John BA Linguistics   Friday, June 20, 2003, 14:49 GMT
No single person could EVER change the way we spell as current spelling is too widely accepted. Any change that is made should be done so through spelling evolution and words that are already widely in use.

For instance:

You = U
Are = R
See = C
Why = Y
Ok = K
m8 = mate
g8 = gate
pl8 = plate
w8 = wait
b8 = bait
coz = cause or because
Centre = Center
The -ISE/ISATION suffix should be standardised, making IZE incorrect
A plural z is currently used informally - i.e. he'z, Paul'z,
John   Friday, June 20, 2003, 14:51 GMT
Sorry, I meant possessive z
Simon   Friday, June 20, 2003, 14:55 GMT
He'z possessive???

He gave me he'z bike???
Jim BSc Physics   Monday, June 23, 2003, 00:53 GMT
John BA Linguistics,

I agree that no single person could change the way we spell.
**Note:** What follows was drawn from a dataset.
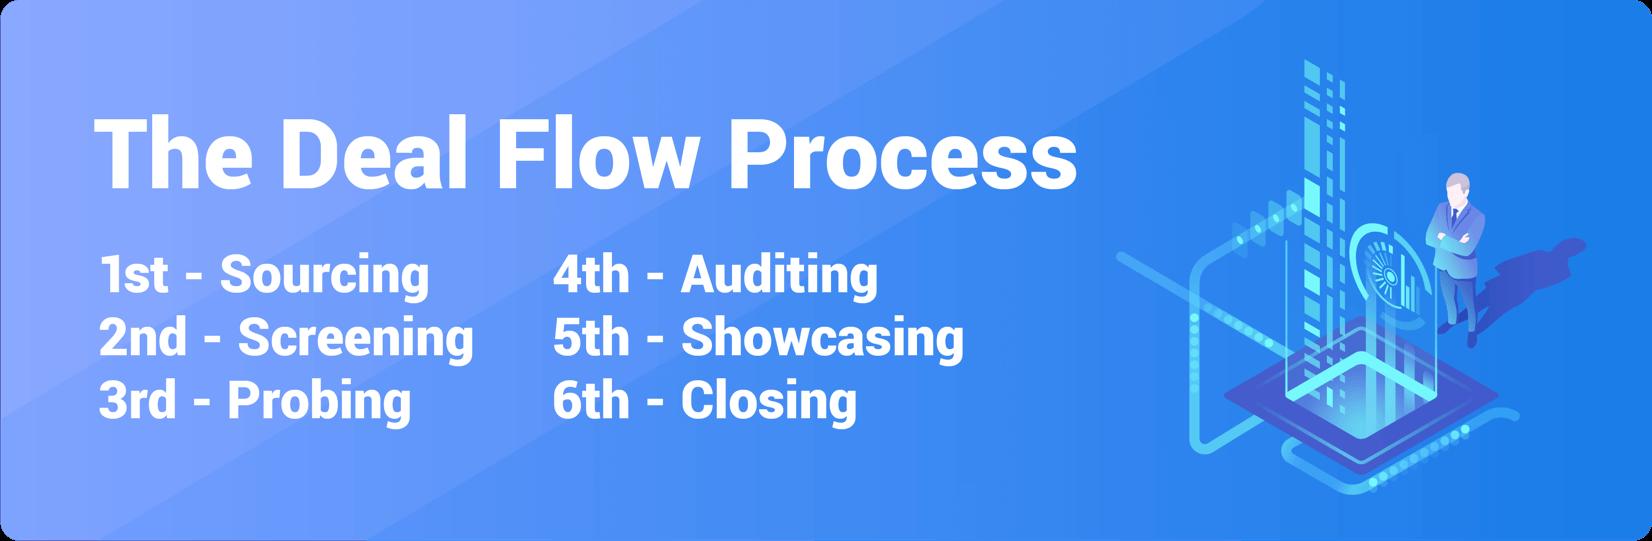 deal flow process
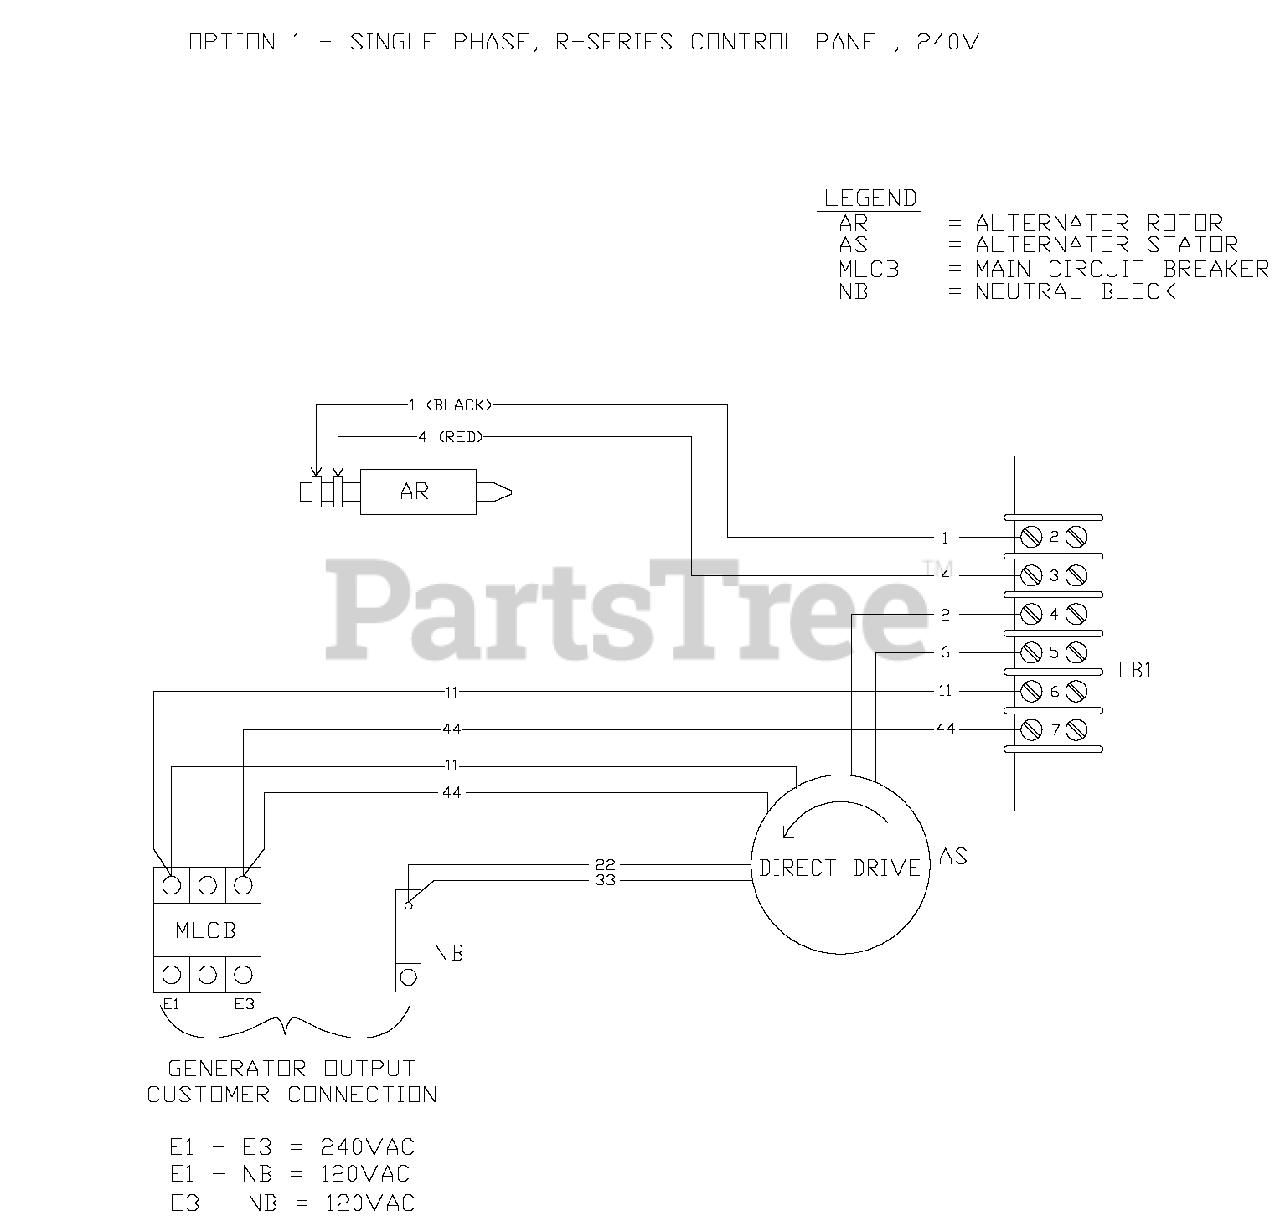 Generac QT03016JNSN - Generac 30kW Home Standby Generator (SN: 5057983 -  5128024) (2008) Wiring Diagram (0F6839) Parts Lookup with Diagrams |  PartsTree | Generac 30 Kw Wiring Diagram |  | PartsTree

Webster tried and met with minimal success. Only a few of his reforms were accepted by the American people. In fact it could be argued that what this fella did set the process of reform back centuries. Now we have too competing standards and few of us will accept the other's way of spelling. A reform coming from the wrong side of the Atlantic will be met with resistance. If if weren't for Wester and his dream (come nightmare) of American English, there'd be no spelling schism and we could get on with reform together. It still wouldn't be easy but it would be moving faster.